Croft, 45, of Bear, Delaware, is one of five people awaiting trial on a kidnapping conspiracy charge that could send them to federal prison for life. He was ordered held without bond in January. 

He is one of two accused ringleaders in the case. A sixth man, Hartland Township resident Ty Garbin, has pleaded guilty and is cooperating with the government.

The photos in question in the case Berens decided Tuesday include ones of Croft with a "boogaloo" flag and a shotgun and of a bridge near Whitmer's summer home that the defendants allegedly planned to blow up. A video also being sought showed Croft firing a semiautomatic assault rifle at a field training exercise in Wisconsin. 

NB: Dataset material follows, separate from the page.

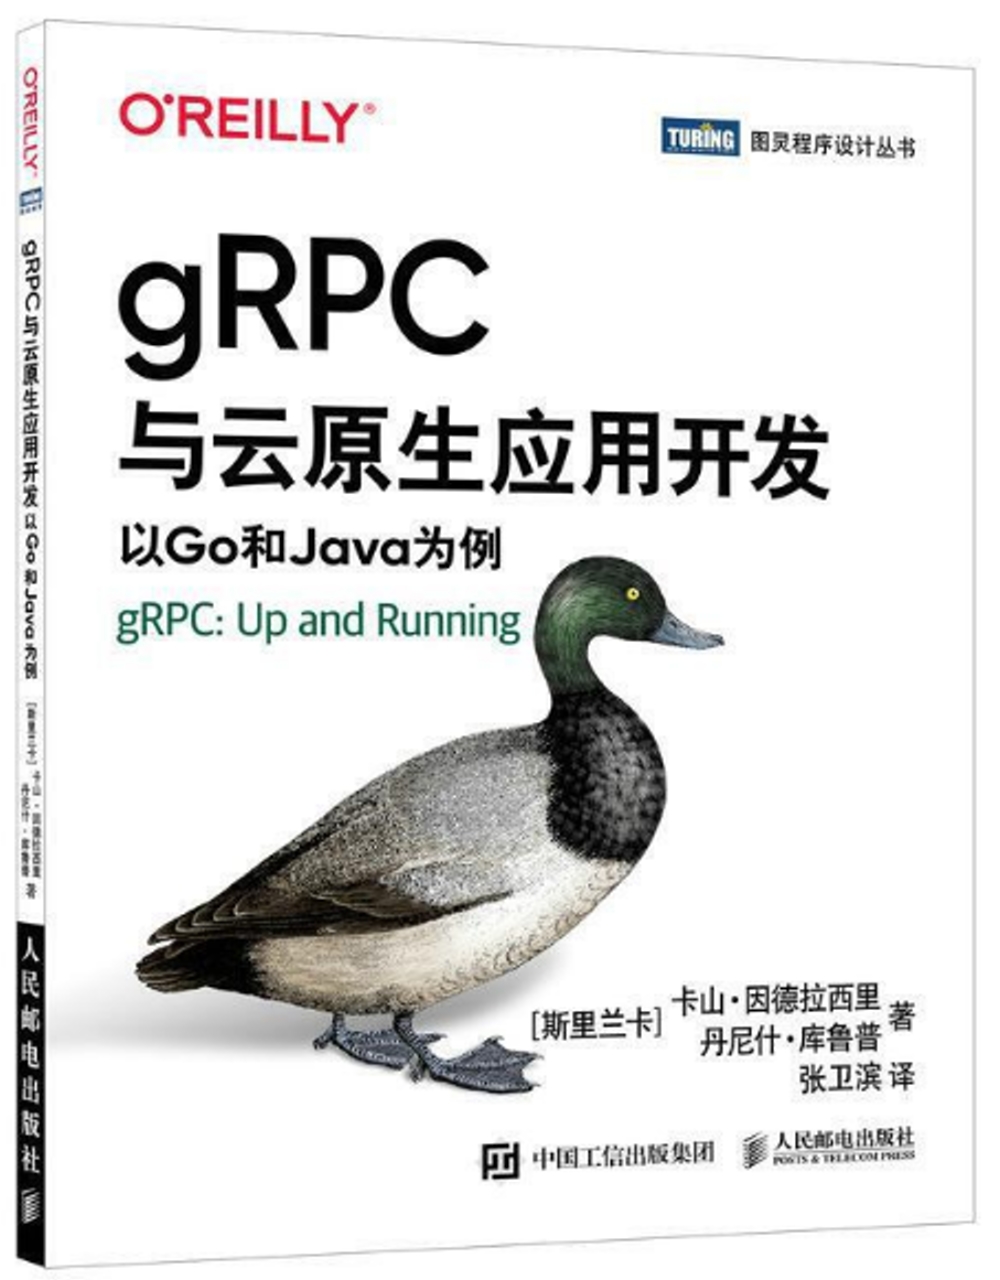 gRPC與雲原生應用開發：以Go和Java為例

Audio recordings at issue in the case included one of Croft at a field training exercise in Wisconsin and another of Croft at a militia group meeting in Ohio.

The audio recordings, Berens wrote Tuesday, "are more inflammatory" than the images and video and include statements from Croft regarding his "intent to commit acts of terrorism" and explicit discussions regarding Whitmer's kidnapping. 

The audio recordings are likely to be widely distributed if released and, because of the "one-sided nature" of bond hearings, are likely to lack the contextualization or defense Croft's lawyers could offer at trial, the magistrate said. 

"While the audio recordings were certainly central to the court's decision on bond, there has been ample opportunity for oversight, and delayed release of the exhibits would do little to impede that," Berens wrote.